Jesus invited the disciples and a nearby crowd to follow him.
It feels obvious, since they were somewhere north of the Sea of Galilee. The disciples wouldn’t have been there unless Jesus had gone up there and they followed him.
But Mark is at the midpoint of the gospel he’s writing, and the story is starting to turn. There have been lots of healings and feedings. There have been great short stories that are fun to remember and tell. A reader who doesn’t know how things are going to end would be pretty engaged with the hero.
But the story suddenly gets darker.
Jesus tells the disciples that he’s going to die. Actually, he teaches the disciples that he’s going to die, suggesting that there was more detail than the one sentence Mark shares with us. It was so sudden that Peter wanted Jesus to tone it down.
Jesus invites the disciples and a crowd to follow him, which they already are doing. But the invitation connects back to that sentence about dying.

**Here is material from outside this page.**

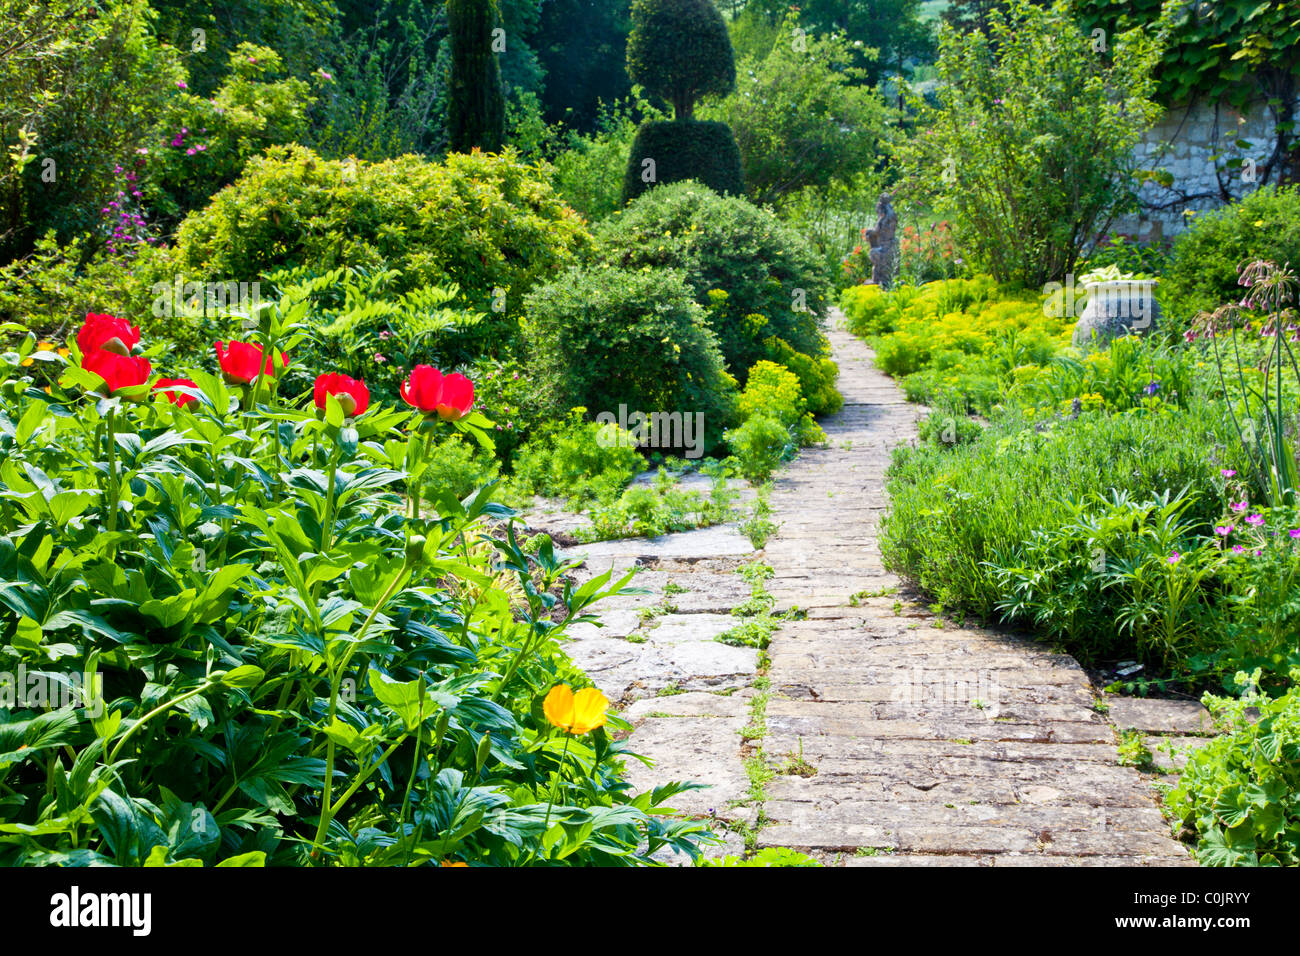 A paved garden path between shrub and flower borders in an English country garden in summer Stock Photo

Jesus says, “Whoever wants to be my disciple must deny themselves and take up their cross and follow me.”
Maybe the teaching Jesus did a couple paragraphs earlier included the detail about dying on a cross. Maybe it didn’t. But the listeners certainly knew what a cross was. And to have it as a part of following changed the story.
They had been watching Jesus. They had been listening to Jesus. They had been traveling to conferences, buying merch, putting bumper stickers on their trapper-keepers where they were keeping lecture notes. They had been posting memes, liking posts.
And now Jesus was telling them that he was going to be killed by the people in power and that following him might lead them to the same end.